Under these circumstances, we find respondent's misconduct warrants an actual period of suspension of six months. Following his suspension, respondent shall be placed on supervised probation for a period of one year. During the period of probation, respondent shall attend the Ethics School program offered by the Louisiana State Bar Association and make restitution of $750 plus legal interest to the Alton Landry, Sr. family.

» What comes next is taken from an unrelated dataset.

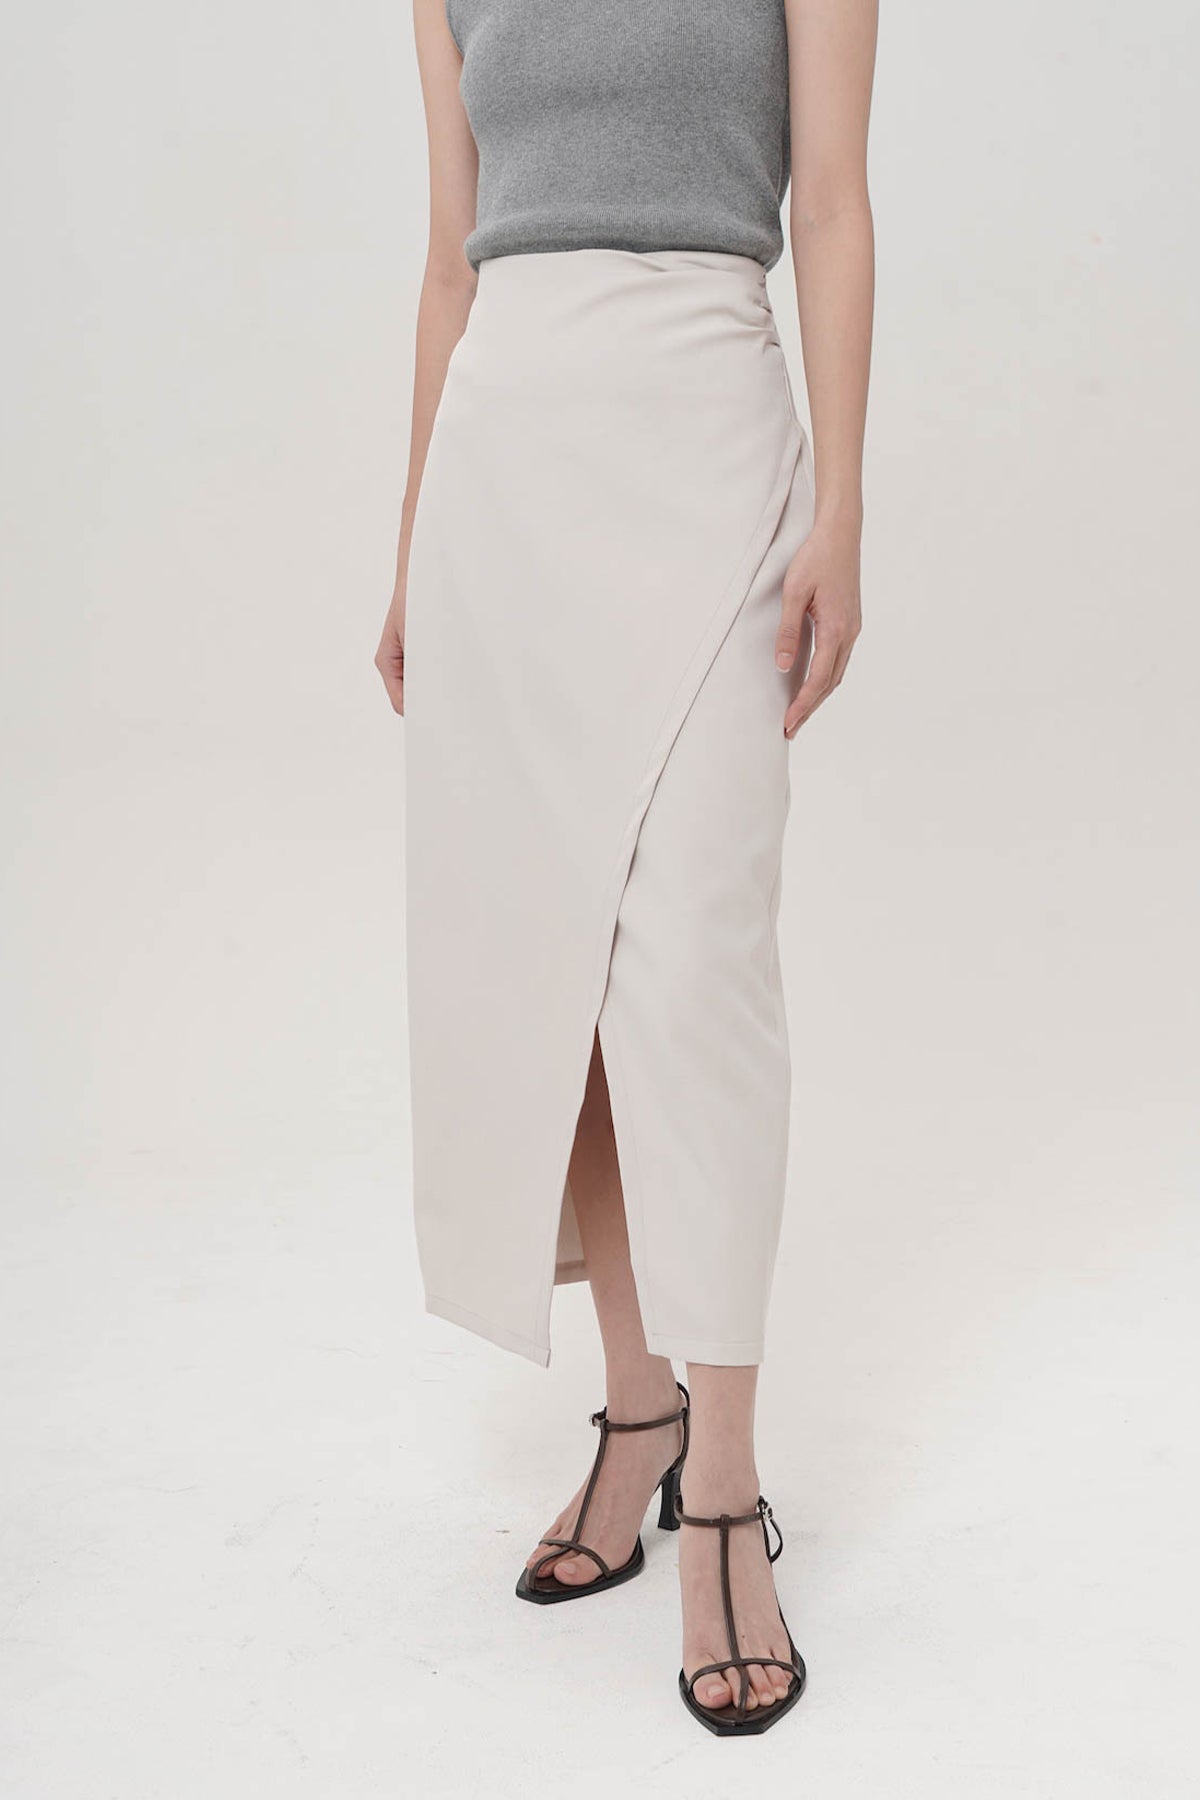 Zamora Midi Skirt In White-Sage
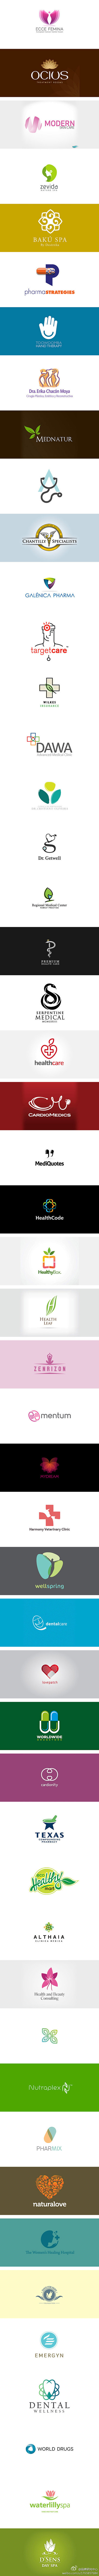 医疗为主题的Logo设计

Upon review of the findings and recommendations of the hearing committee and disciplinary board, and considering the record, briefs, and oral argument, it is ordered that Owen J. Trahant, Jr., Louisiana Bar Roll number 12890, be and he hereby is suspended from the practice of law for six months, followed by a one-year period of supervised probation governed by the terms and conditions set forth in this opinion. All costs and expenses in the matter are assessed against respondent in accordance with Supreme Court Rule XIX, § 10.1, with legal interest to commence thirty days from the date of finality of this court's judgment until paid.
While I agree that respondent violated the Rules of Professional Conduct, I disagree that his violation warrants a six-month suspension from the practice of law. I find that respondent's conduct was more in the nature of a negligent failure to supervise his staff, rather than knowing or intentional. Therefore, I would impose a less significant sanction than the majority imposes.